SwedishAmerican Hospital is a 357-bed non profit, teaching hospital located in Rockford, Illinois. The hospital is a division of UW Health. The hospital was founded in 1911, opening its doors in 1918 following a period of fund raising. In the mid-1990s the hospital proposed a major campus overhaul that was eventually approved by the city of Rockford, providing SwedishAmerican assistance in recovering a blighted neighborhood nearby. The hospital employees more than 350 physicians and includes an emergency department that is a level II trauma center.

==History==
In 1911, in response to a great need for healthcare services in Rockford, the city's growing Swedish community, under the leadership of Pehr August Peterson, decided to build a new hospital. Swedish American Hospital, founded in 1911, opened its doors to its first patient on July 18, 1918 with the completion of a 55-bed, US$175,000 facility. The hospital's completion followed a period of fund raising to pay for it.

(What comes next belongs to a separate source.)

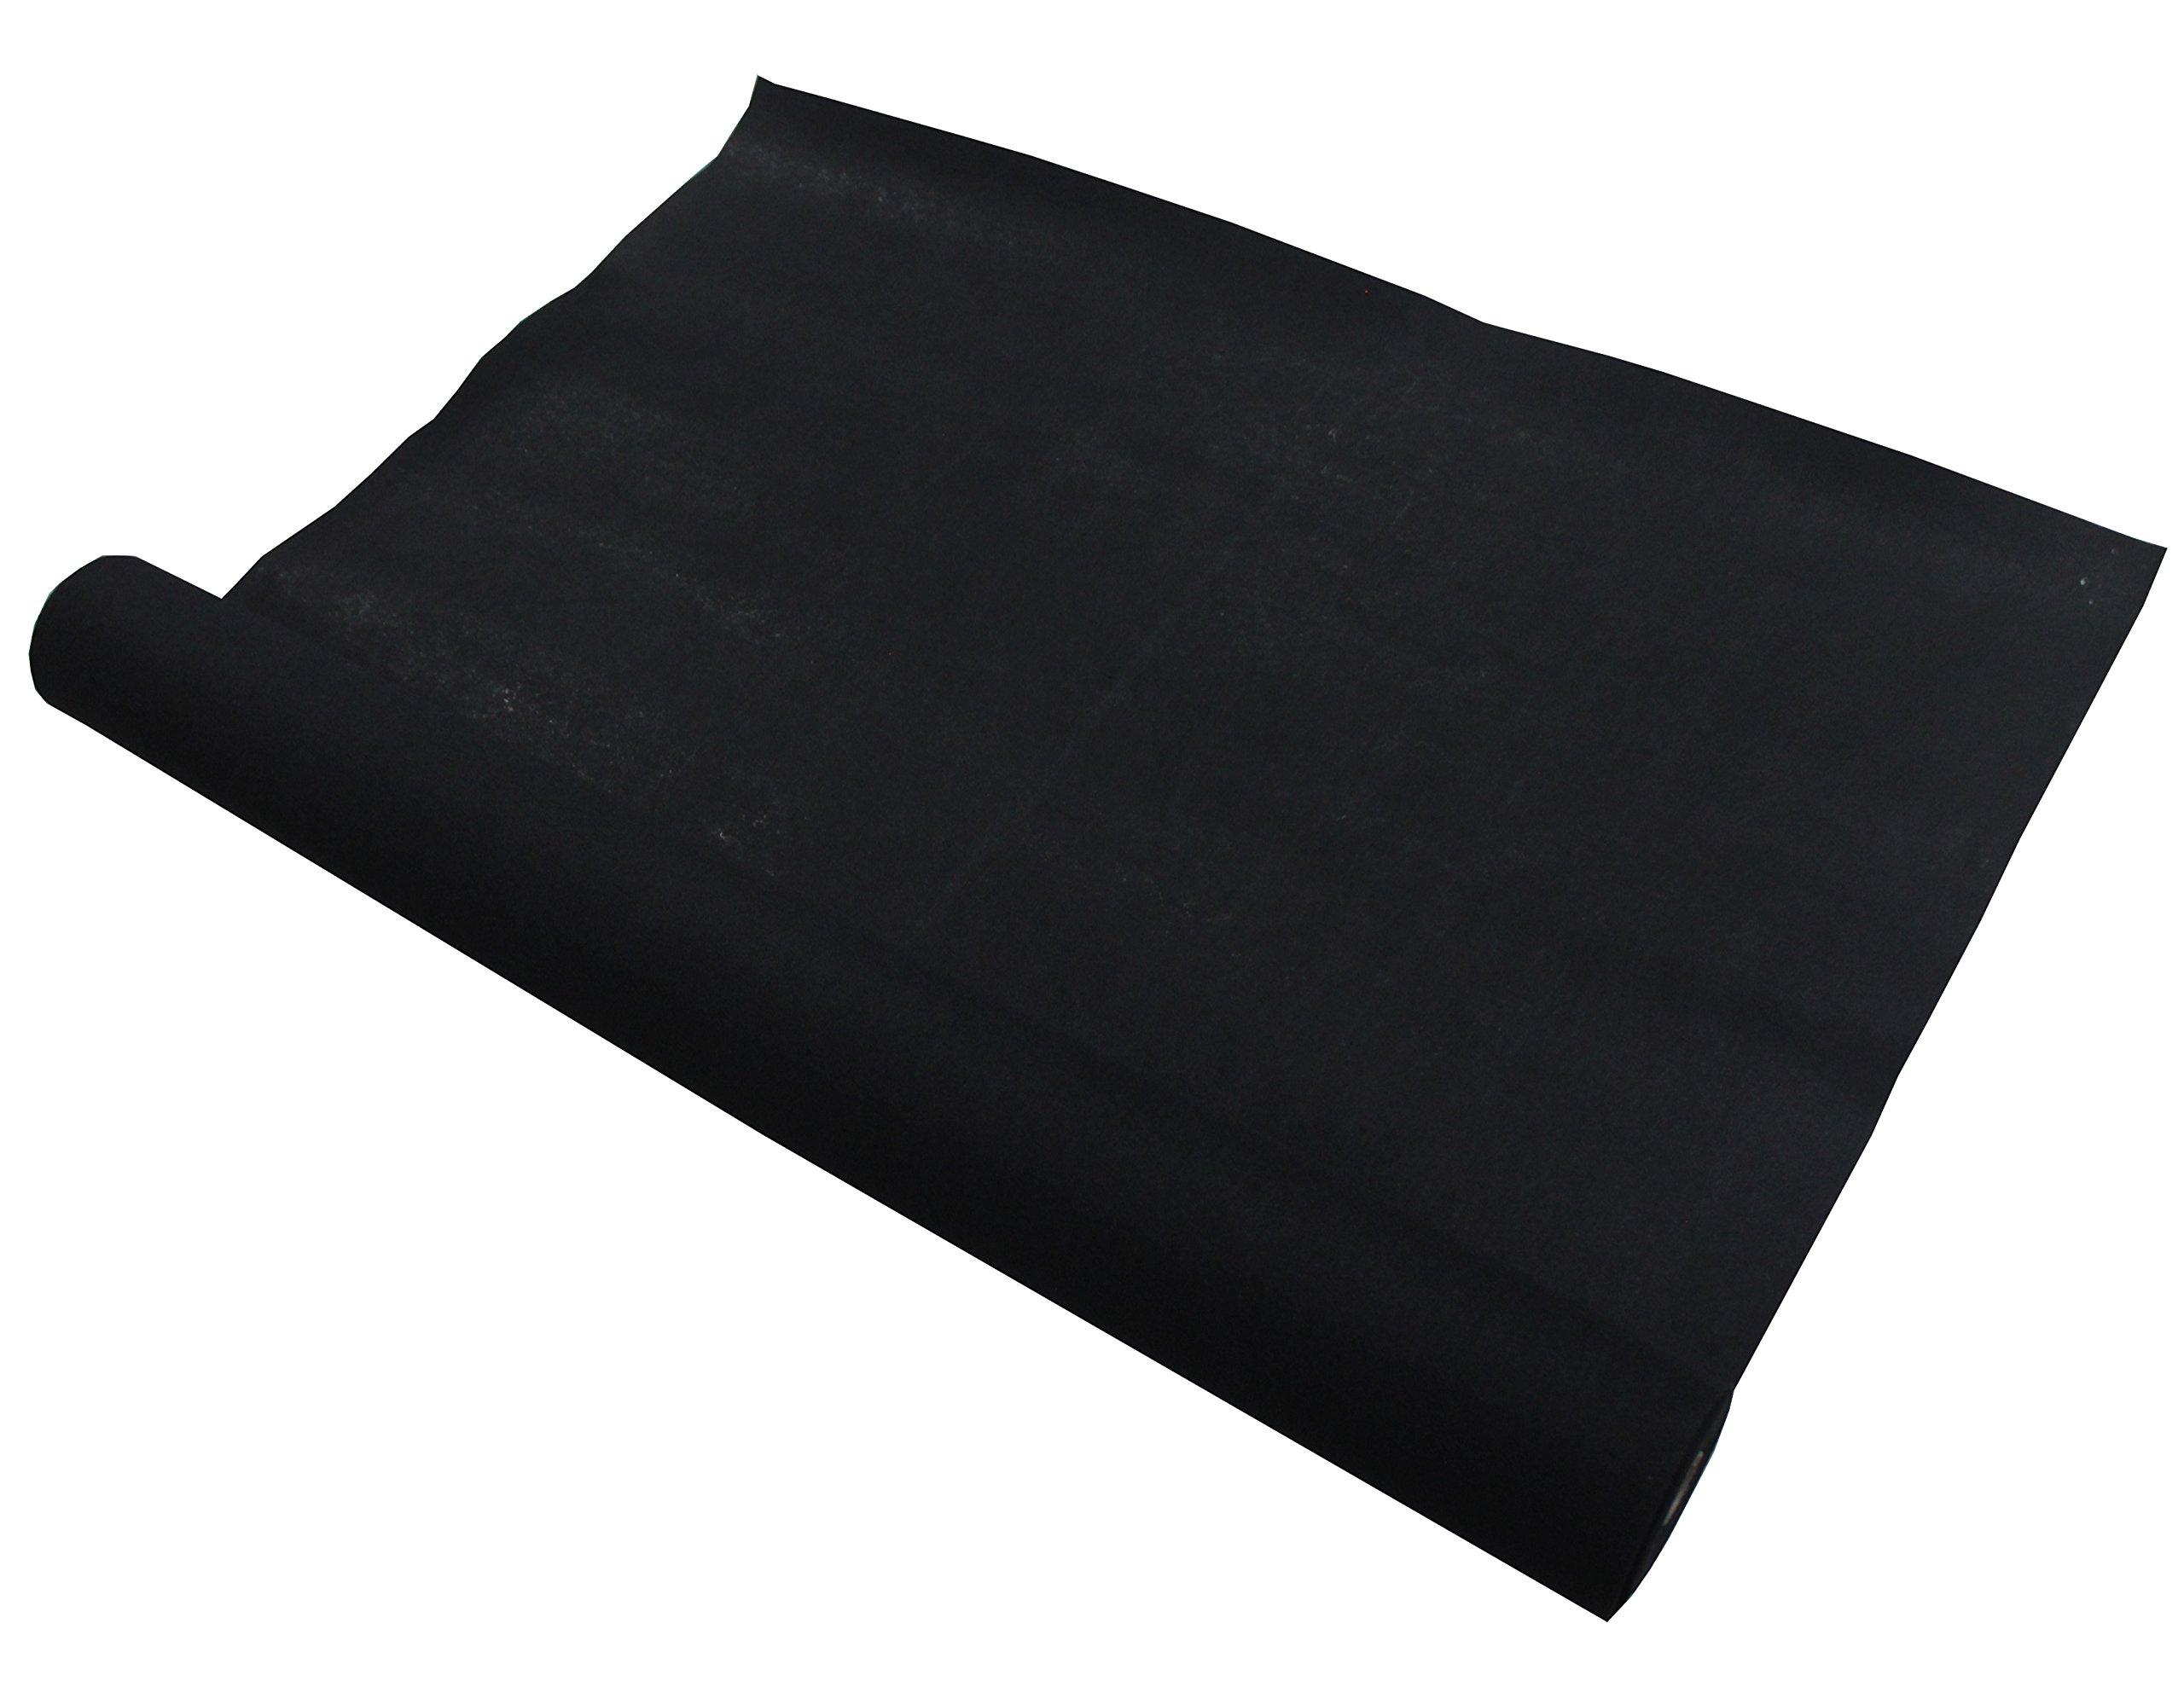 Absolute C15BK 15-Feet Long/4-Feet Wide Black Carpet for Speaker Sub Box Carpet rv Truck Car Trunk Laner by Absolute

During the mid-1990s officials at Swedish American proposed a long term hospital campus modernization and expansion. Part of the proposal was a request to the city of Rockford was to reroute Charles Street, which passed through the middle of the existing hospital campus. The city agreed, provided Swedish American help renovate and revitalize the blighted neighborhood south of the hospital. The hospital acquired 31 properties in a six-block area south of the complex and committed $2 million to the project. By 2001 dilapidated structures had been demolished and the hospital, along with the city and Habitat for Humanity began construction on the area's first new homes.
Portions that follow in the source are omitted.